Amsale Bridal Fall 2020

With Zoom weddings, courthouse celebrations and elopements on the rise this year, some retailers say brides-to-be in the age of COVID-19 are opting for the “little white dress.”

Amsale, the bridal label and Madison Avenue shop in New York, has an entire division dedicated to the category. And while business has suffered this year due to the health crisis, like for all retailers, the section — which includes satin jumpsuits and sequin minidresses priced at $495 — is seeing growth.

“It’s become very popular, which suggests that people are following through with ceremonies but in a more casual way,” said owner Neil Brown, husband of the late Amsale Aberra.

Amsale Bridal Fall 2020

Amsale Bridal Fall 2020  Masato Onoda/WWD

“It definitely has increased because of the pandemic,” said Kamika Kiper, manager of David’s Bridal in Los Angeles, regarding sales of “simpler” designs. The wedding gown retailer, America’s largest, also has its own “little white dress” category. “We do see an increase in that.”

Weddings are taking place “two or three weeks out, on beaches, in backyards,” Kiper went on. Since reopening in June, the shop has been servicing customers who are eager to shop in-store and get their hands on wedding attires. “They want something they can buy now. Here, they can just come in and grab it and go.”

The company, which emerged from bankruptcy last year, makes in-house alterations. “We can turn a dress around in 24 hours if we need to, for a fee,” Kiper said.

Veronica Di Santo of Ines Di Santo, which offers both couture and a diffusion line, has also noticed an interest in “more clean structures,” she said. The label has a store in Toronto and is found at about 100 retailers in North America. “It’s the new norm.”

Ines Di Santo Bridal Fall 2020

Ines Di Santo Bridal Fall 2020  George Chinsee/WWD

These days “anything goes,” said celebrity stylist Micaela Erlanger, who runs a bridal company offering à la carte wedding services (including access to couture houses for custom creations).

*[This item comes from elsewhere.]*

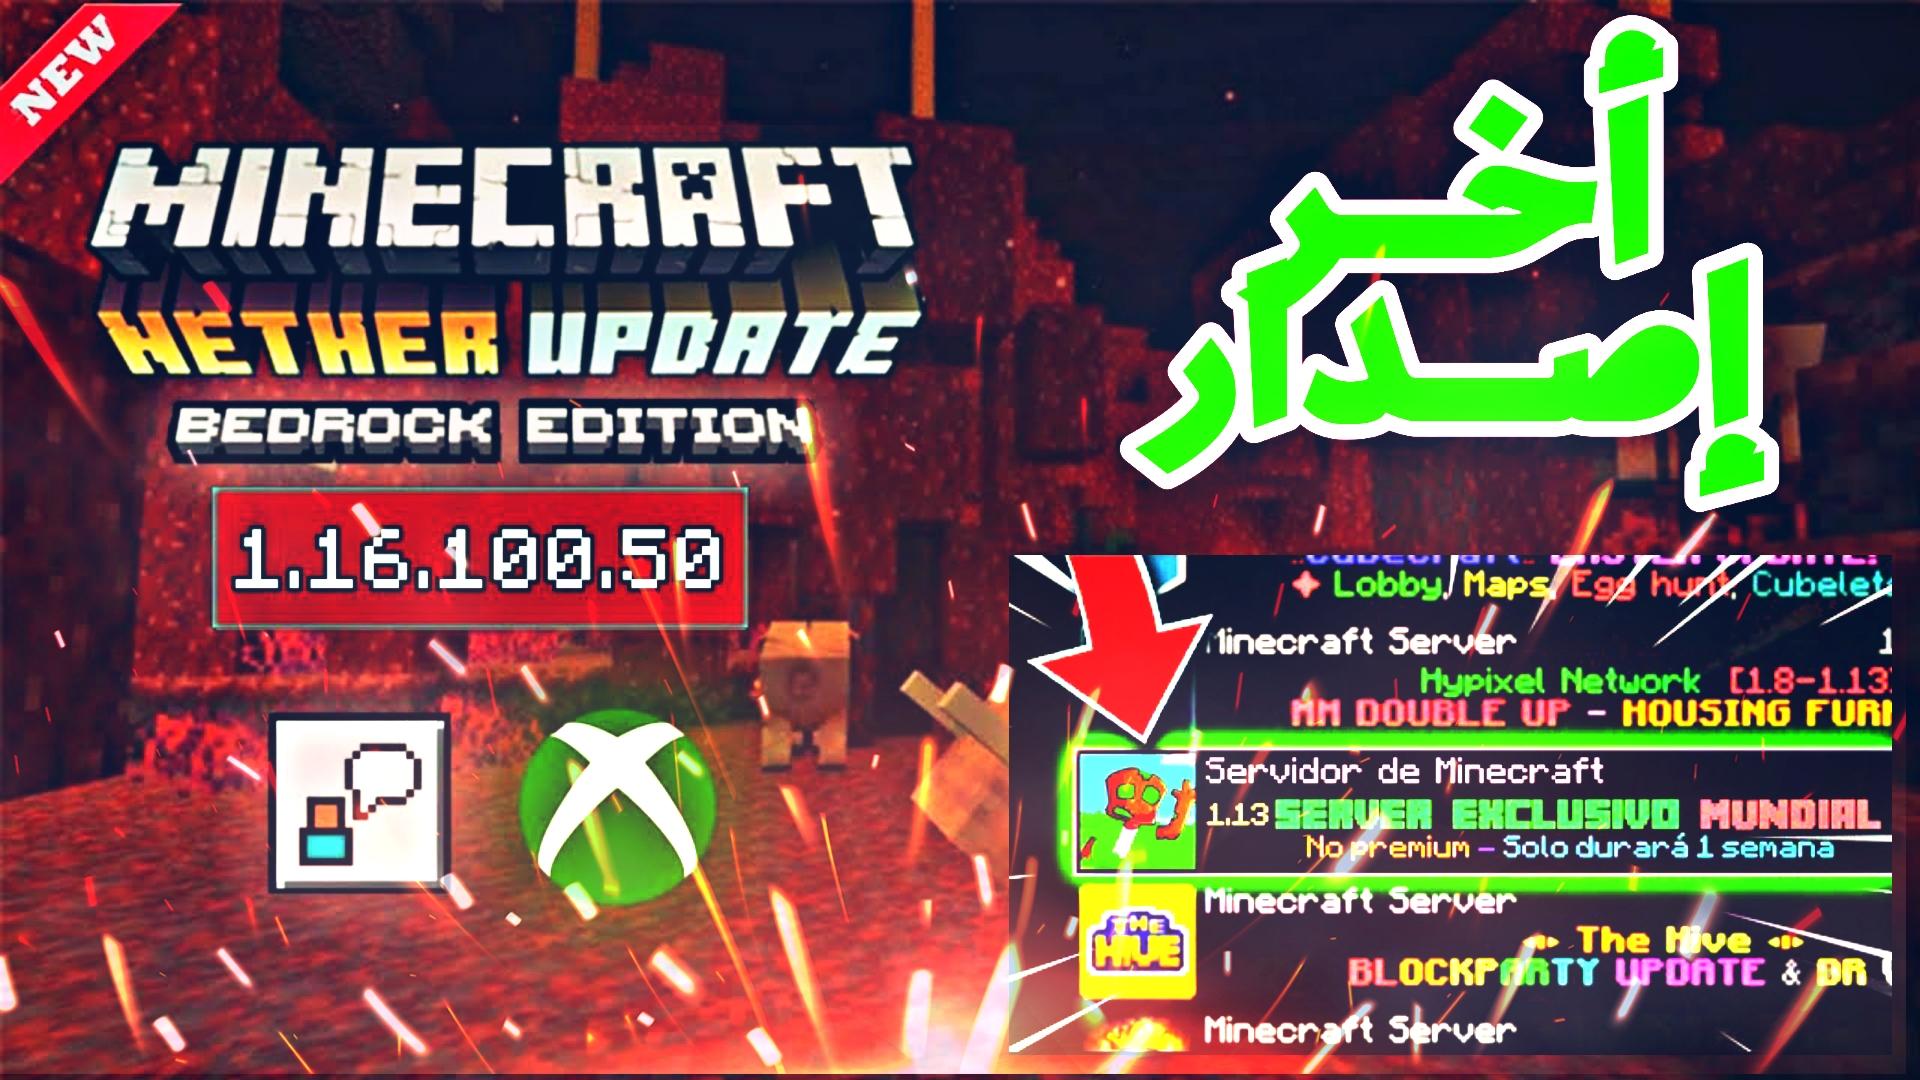 تحميل أخر إصدار من لعبة Minecraft لجميع الأجهزة و بها سرفرات كثيرة
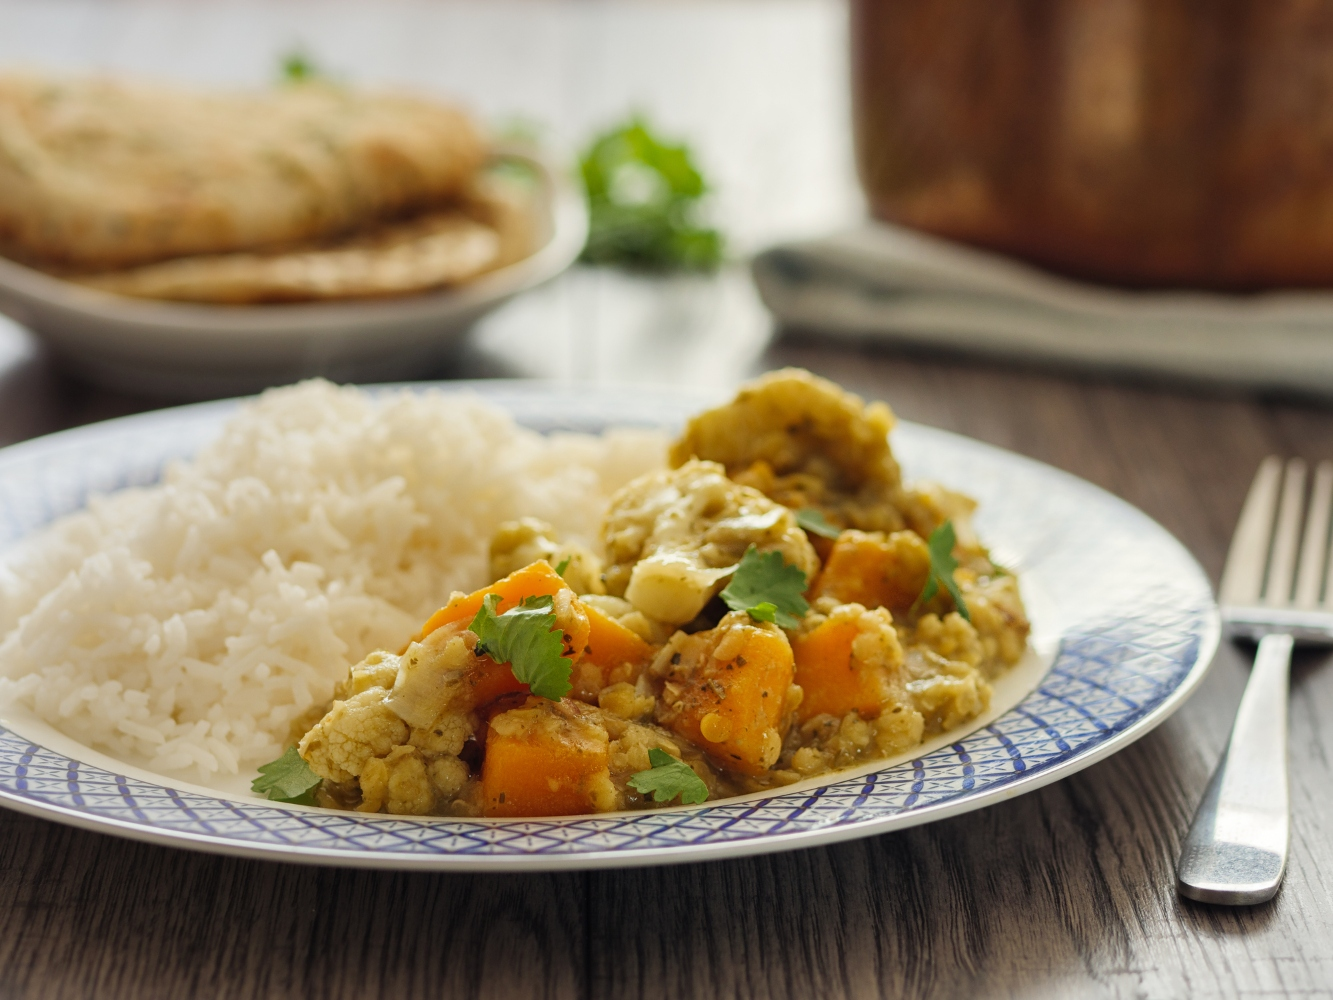 prato com caril de lentilhas com arroz basmati

“All rules are out the window,” she continued. “I’m seeing bridal clients wear prints or consider color or ready-to-wear pieces, not just your traditional bridal collections. This idea that you have to be in white or a more traditional gown is being reconsidered.”

Couples are throwing mini ceremonies and rescheduling larger celebrations for 2021, she added. (“Because who wants to postpone their wedding much longer”?) And with no vaccine in sight, it’s a guessing game when deciding on “safer,” alternative dates.

“I’m overwhelmed, and I feel like I have all the resources in the world,” she said.

A bride-to-be herself, Erlanger’s wedding was originally scheduled for October. She’s now working to postpone it for April. “It’s to be determined if I’ll do something small ahead of time.”

“We are not getting a sense that bigger celebrations are being canceled,” Brown echoed. “They’re being delayed.” Brides are getting married in “little white dresses” on their original date and saving the party for later, he continued.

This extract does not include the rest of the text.